Clinical Documentation and Coding: The Foundation of Healthcare

Healthcare quality and data come from clinical documentation.

Bricks and mortar are the foundation of many a structure. Clinical documentation and coding are similar, as they are also the supportive building blocks in healthcare and can be thought of as foundational as well. In healthcare, over the past 25-30 years we’ve seen the use, need, and importance of clinical documentation and coding greatly increase. It doesn’t matter if it’s for diagnoses or procedures, inpatient or outpatient, or private, public, or government payers – the importance is still there.

One of the historic factors to this increased importance has been reimbursement methodologies, as they are driven by the coding, which is directly linked to the clinical documentation. With the connection to reimbursement comes attention to accuracy and compliance, which really goes hand in hand with all clinical documentation and coding activities and functions.

We have also seen more emphasis on healthcare research, which also has a significant dependence upon clinical documentation and coding. Research studies involve a vast array of information, including social factors, financing systems, organizational structures and processes, health technologies, clinical data, and personal behaviors, all of which is encapsulated in the form of data – some of which comes from the documentation and coding.

Healthcare quality and data are gaining more and more importance as well, and key elements include coded data, which comes from the clinical documentation. We see the landscape shifting more towards quality metrics, but those metrics are often associated with documentation and coding accuracy and integrity. According to the Institute of Medicine (IOM), there are six domains of health quality:

  1. Safe: Avoiding harm to patients from the care that is intended to help them.
  2. Effective: Providing services based on scientific knowledge to all who could benefit and refraining from providing services to those not likely to benefit (avoiding underuse and misuse, respectively).
  3. Patient-centered: Providing care that is respectful of and responsive to individual patient preferences, needs, and values, and ensuring that patient values guide all clinical decisions.
  4. Timely: Reducing waits and sometimes harmful delays for both those who receive and give care.
  5. Efficient: Avoiding waste, including waste of equipment, supplies, ideas, and energy.
  6. Equitable: Providing care that does not vary in quality among groups of those with varying personal characteristics such as gender, ethnicity, geographic location, and socioeconomic status.

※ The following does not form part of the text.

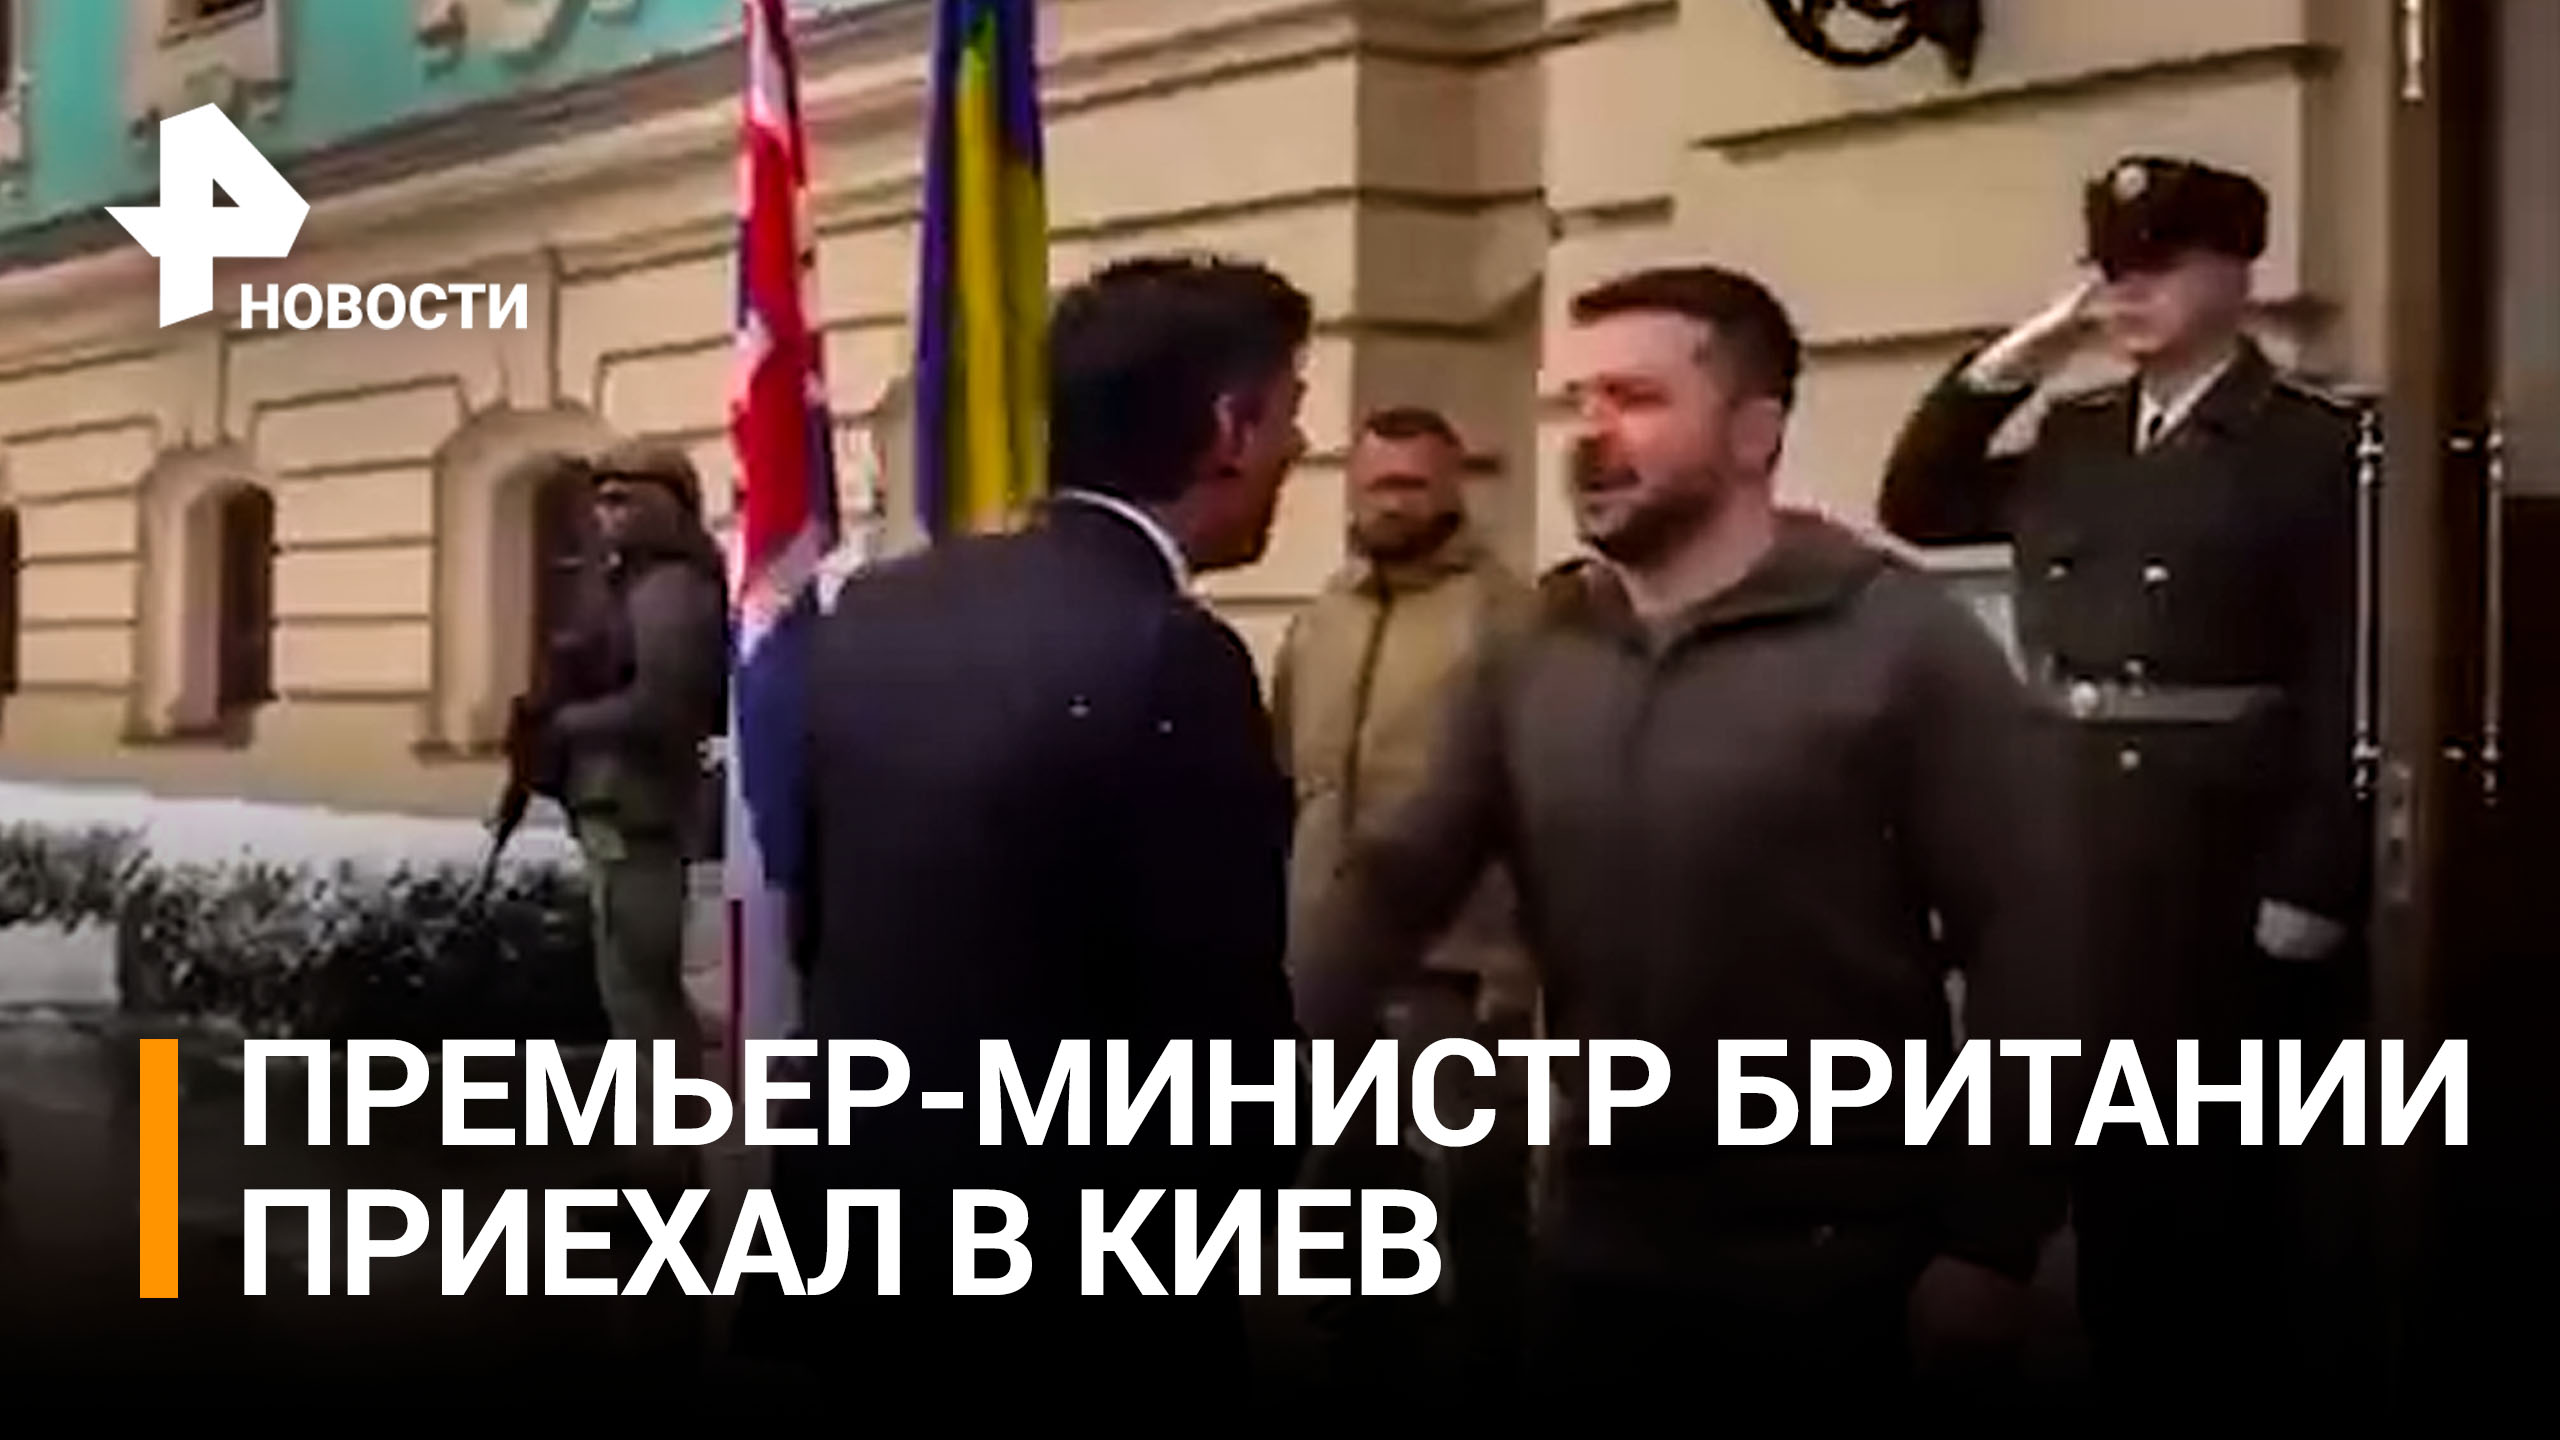 Зеленский в снегопад выбежал встречать премьер-министра Британии, прибывшего в Киев / РЕН Новости
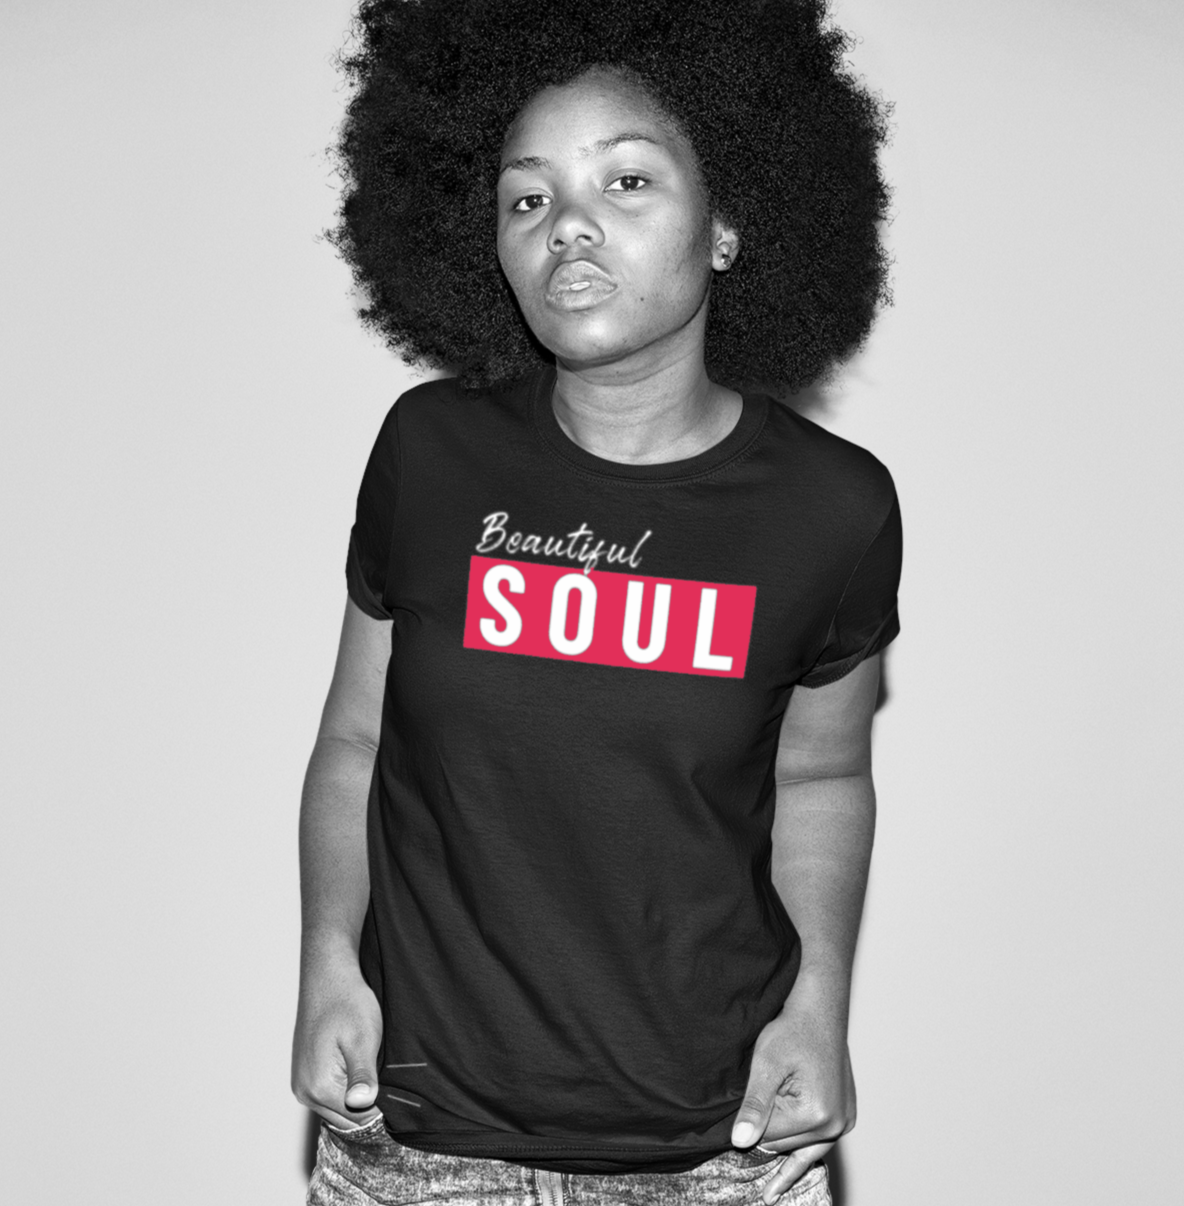 Beautiful Soul Adult T-shirt

One can see that these domains are supported by data and information, much of which is obtained from clinical documentation and coding. Thus, as we continue to strive for quality in healthcare, let’s keep these factors in the forefront in relation to our clinical documentation and coding activities and functions.

It’s not always simple or easy, however, to obtain or understand clinical documentation and coding. There are complexities to both, and to the rules that must be followed. Certainly there are some important resources to utilize in your efforts starting today. I like to use the following, to start:

  • 2018 Official Coding and Reporting Guidelines
  • American Hospital Association (AHA) Coding Clinic on ICD-10-CM/PCS
  • AHA Coding Clinic on HCPCS
  • American Health Information Management Association (AHIMA) Standards of Ethical Coding
  • AHIMA Ethical Standards of Clinical Documentation Improvement
  • AHIMA Practice Brief: Guidelines for Achieving an Effective Query Practice
  • 2016 AHIMA Clinical Documentation Improvement Toolkit
  • AMA (American Medical Association) CPT Assistant
  • Association of Clinical Documentation Improvement Specialists (ACDIS) Code of Ethics
  • Office of Inspector General (OIG) Compliance Program Guidance
  • OIG Measuring Compliance Program Effectiveness: Resource Guide

Even with the above key resource tools, we still have pressure to achieve and obtain more and more. Thus, healthcare compliance should also be included in this list of important tools when it comes to clinical documentation and coding.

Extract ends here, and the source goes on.